Jul 31, 2008 11:23
Oneshot: 2047wc
Title: Home of the Tigers
Rating: G (omg...that rating does exist!)
Pairing: Ohmiya
Genre: Chibi Nino, Sports...and a little fluff?
Summary: Ohno comes across an old notebook, and learns a little about Nino's childhood.
Disclaimer: I don't own Arashi, but I can promise you that this is Nino exact biography. So the timeline, events, oc's, all of it are exactly as Nino experienced in childhood. Yep, its all as real as tabloid articles.
Note: Um, yeah, this isn't my normal style. And not just because of the lack of porn. Its not a great work, but something to pass the time. (and I stole litany_sh's icon XD)
It was a rainy day, much to the melancholy of Ohno Satoshi, who’s rare day off, and fishing plans had been ruined, thanks to the weather.
Nino was busy, recording for something or other, so Ohno was left in the house alone, and listless.
After a time in which Ohno watched a movie, took a nap, and had an early beer, he decided, only slightly under the influence, that rain was no reason to cancel a fishing trip. All he needed was to outsmart the wetness of the rain. A poncho, Ohno determined, was the only thing standing between himself and his fish.
“Poncho…poncho…*hiccup*…” Ohno sang to himself, as he rummaged through their bedroom closet, looking for the wet weather wear. “Need a poncho…poncho…pon-eh? What’s this?”
On the top shelf of the closet, tucked loosely into an old, tattered cardboard box, was a worn blue notebook. Sobering up slightly, Ohno riffled through the pages expecting it to be either one of his old sketchbooks, or Nino’s song books.
It was neither. Blushing now, and quite sober, Ohno quickly looked over his shoulder self-consciously…knowing what he was about to do, a certain someone wouldn’t appreciate.
He should just close the notebook, and put it back on the shelf.
He should just continue looking for a poncho.
After finding the poncho, he should just go on that fishing trip, and pretend he never found this notebook.
Grinning mischievously, Ohno settled on the floor, leaning against their bed, with the notebook open on his lap, engrossed in the childhood of his lover.
Being poor sucks.
Well…we’re not poor, but we‘re not comfortable either.
Is it too much to ask for a baseball glove?
I guess it doesn’t matter, since I’m not in the club anyway.
But still, when I play with Sugi, and Mori, it sucks having to share.
That Sugi…
He thinks he’s so great, just because his team won the spring championship last year.
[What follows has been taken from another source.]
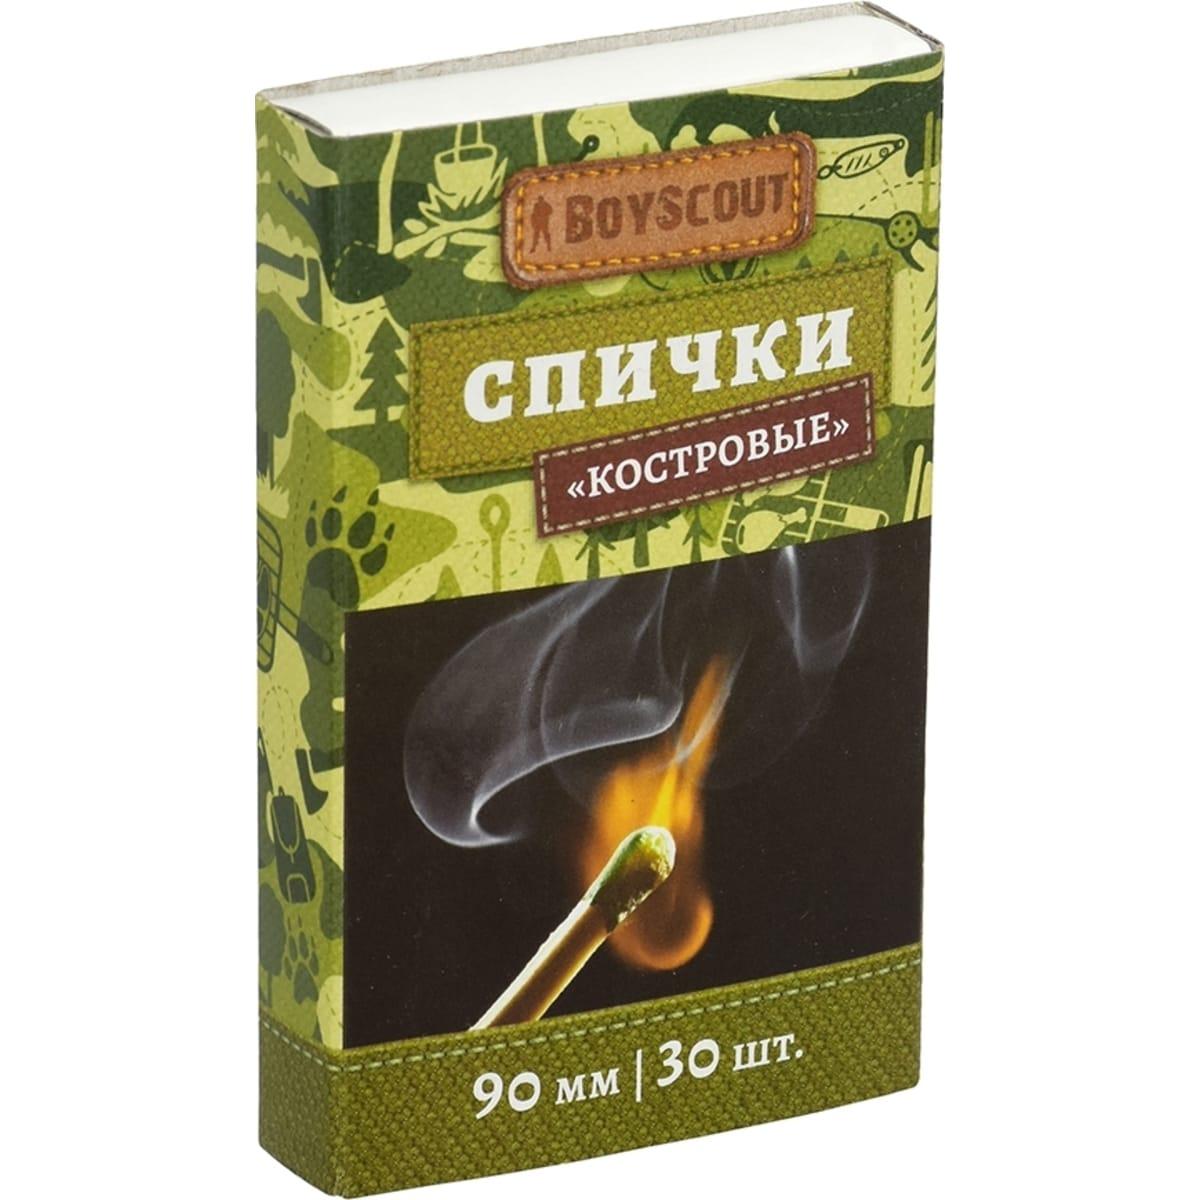 Спички костровые Boyscout 90 мм, 30 шт.

Okay, maybe he has a little talent, and so what if he’s been called a prodigy by the local papers….
I would be too….if I had been in the club last spring….
I guess it won’t matter after tomorrow….I’ll never see Sugi or Mori again…
One last game with my friends before my life changes forever.
For better or for worse.
“Are you still awake, Nari-touto?” Whispered my sister’s voice from the depths of the dark room.
“God, don’t call me that. Ughhh” I shivered at the horrible nickname given by my older sister.
“I don’t want to call you Nino like your friends though…”
“So don’t.”
“Then should I just call you Kazu?” She teased.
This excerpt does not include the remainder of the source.